THE PROBLEM: With the pictures left out, retype exactly the lines below starting at the line that contains "skechers bewitch flats" and ending at the line that contains "Happy Feet Anti-Fatigue".

RECORDS PROVIDED:
********************

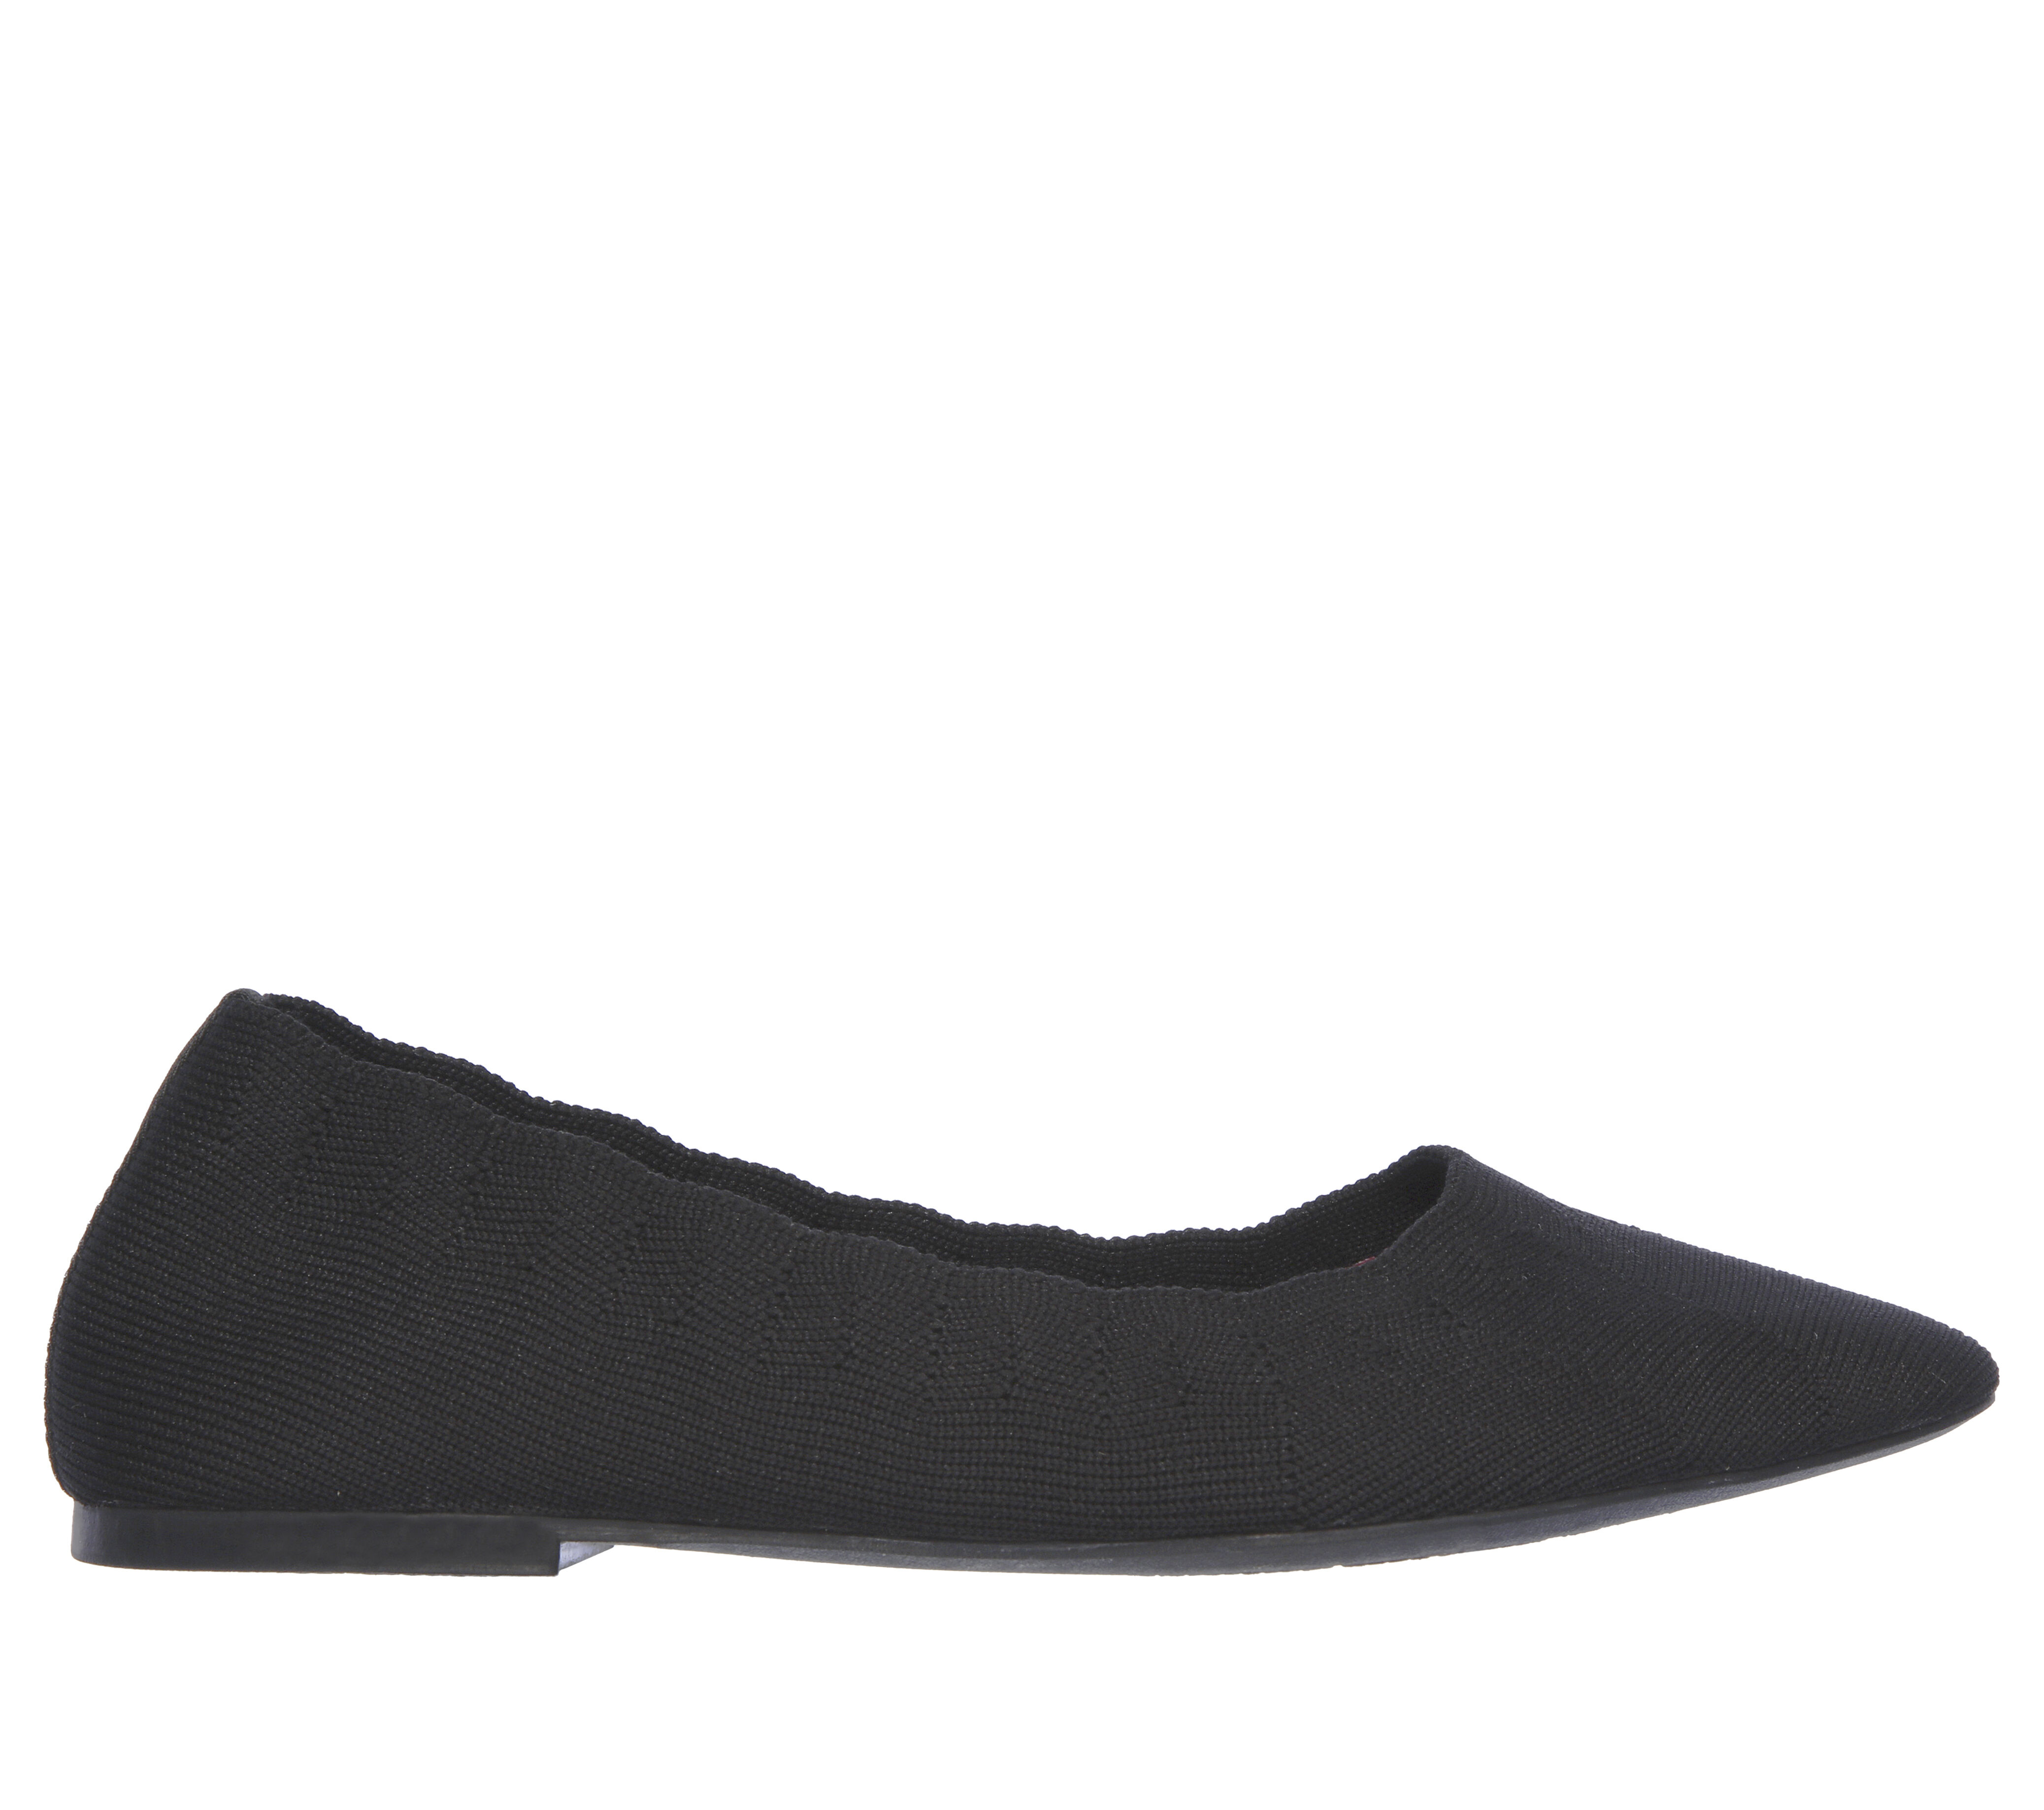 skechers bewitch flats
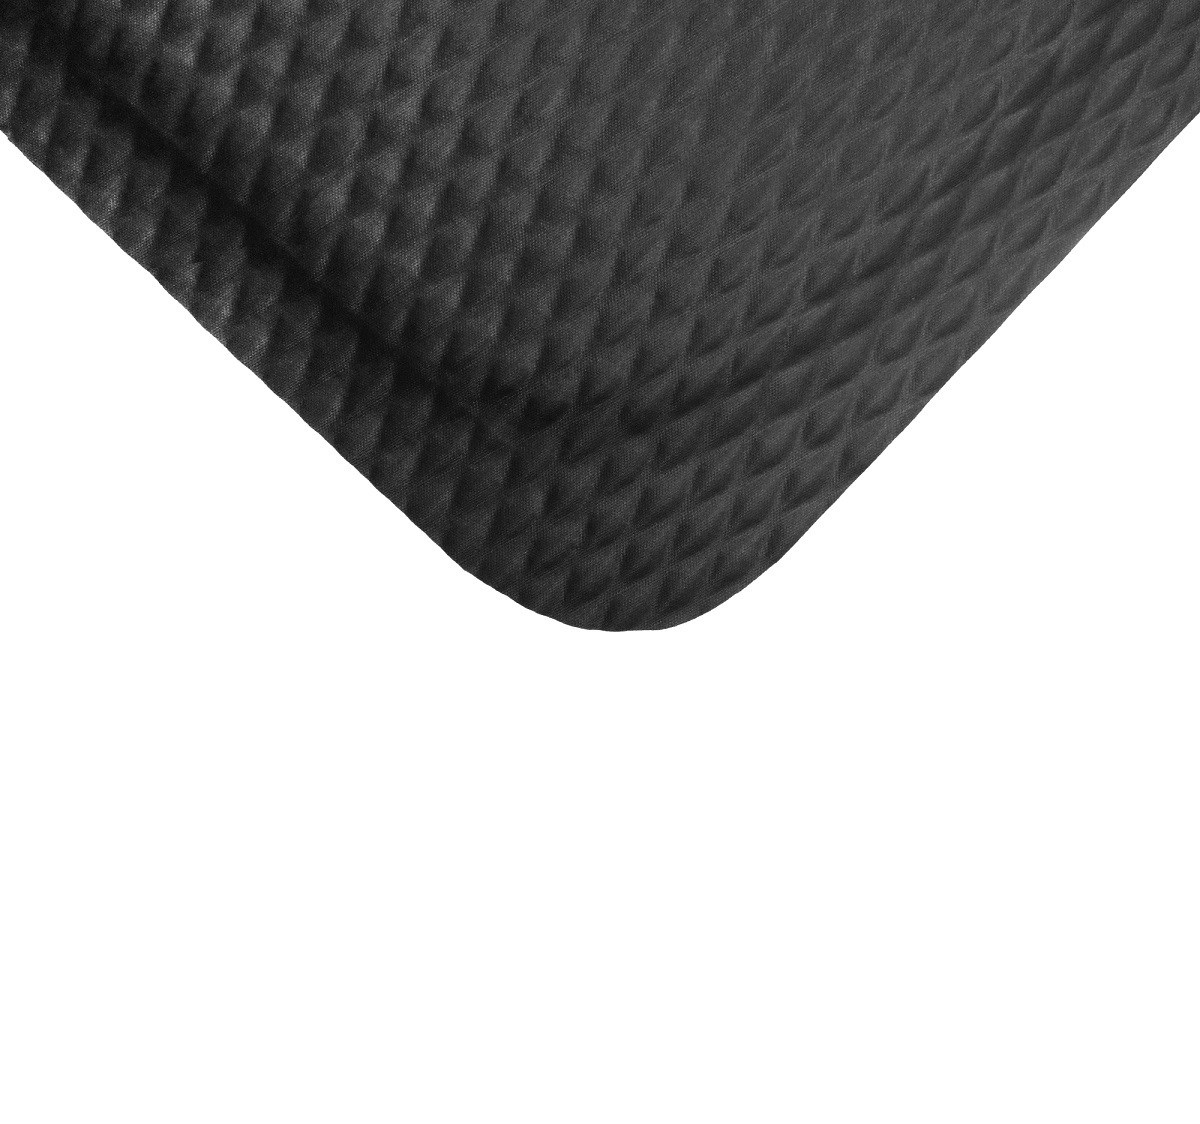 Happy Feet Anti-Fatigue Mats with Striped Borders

********************

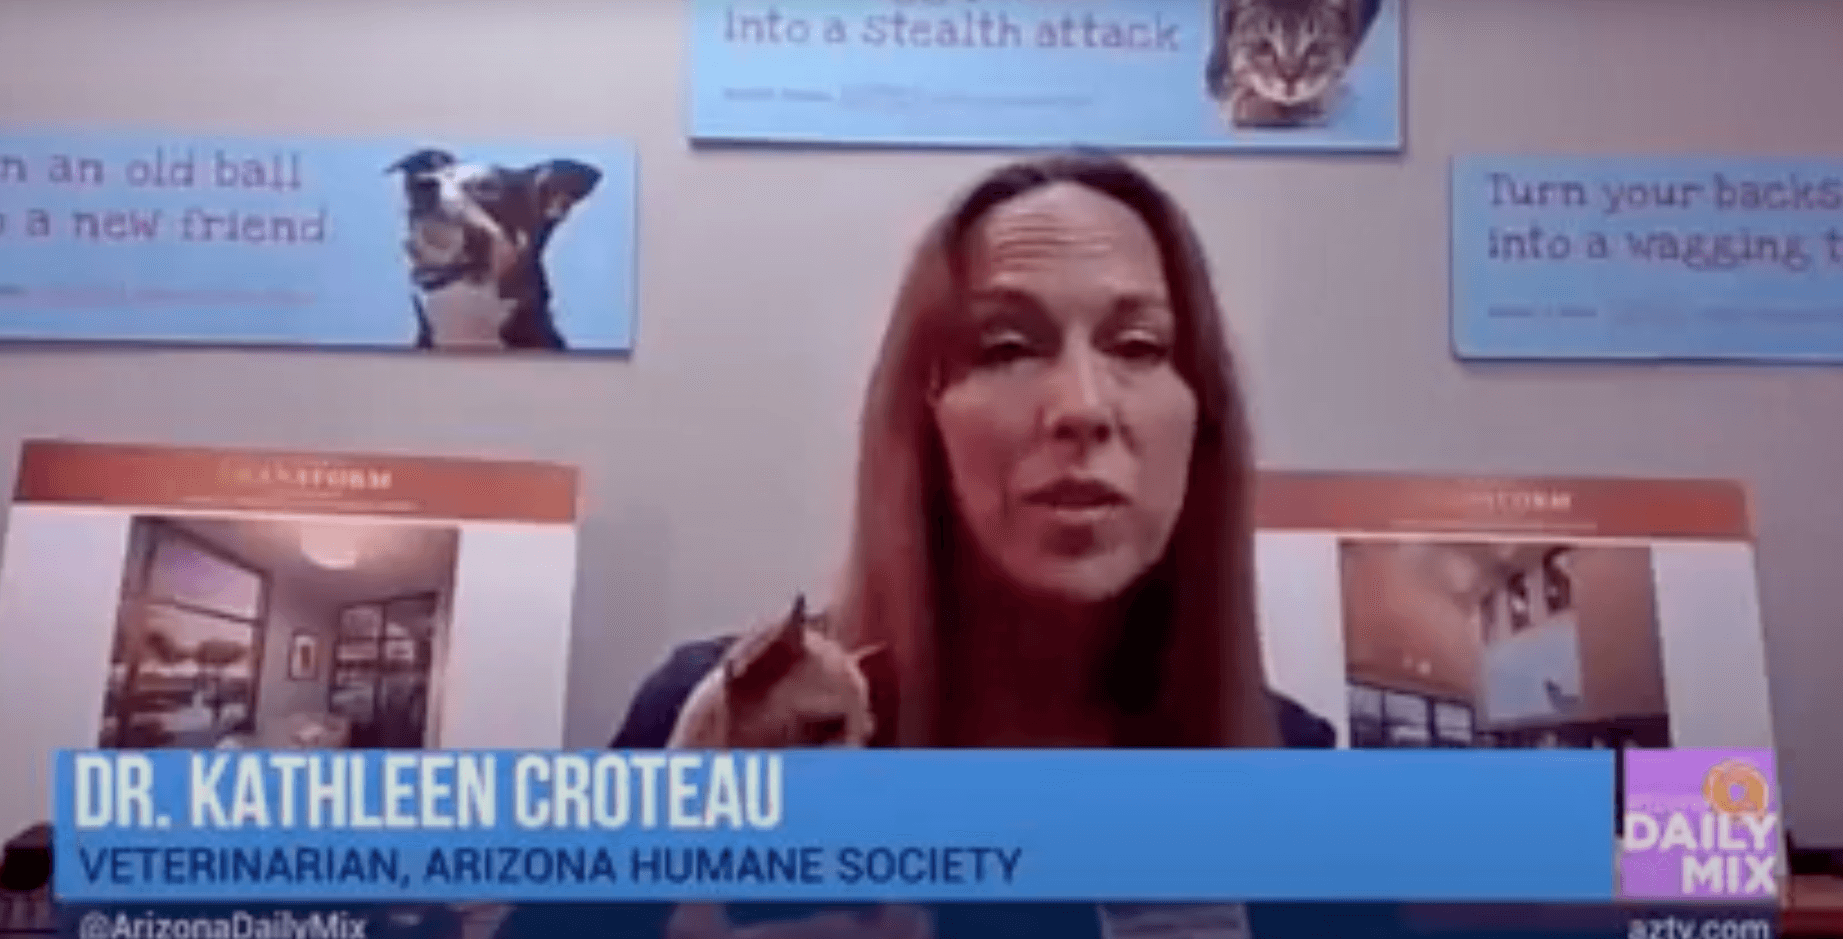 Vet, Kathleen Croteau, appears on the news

********************

EXERCISE RESPONSE:
 skechers bewitch flats
 Happy Feet Anti-Fatigue Mats with Striped Borders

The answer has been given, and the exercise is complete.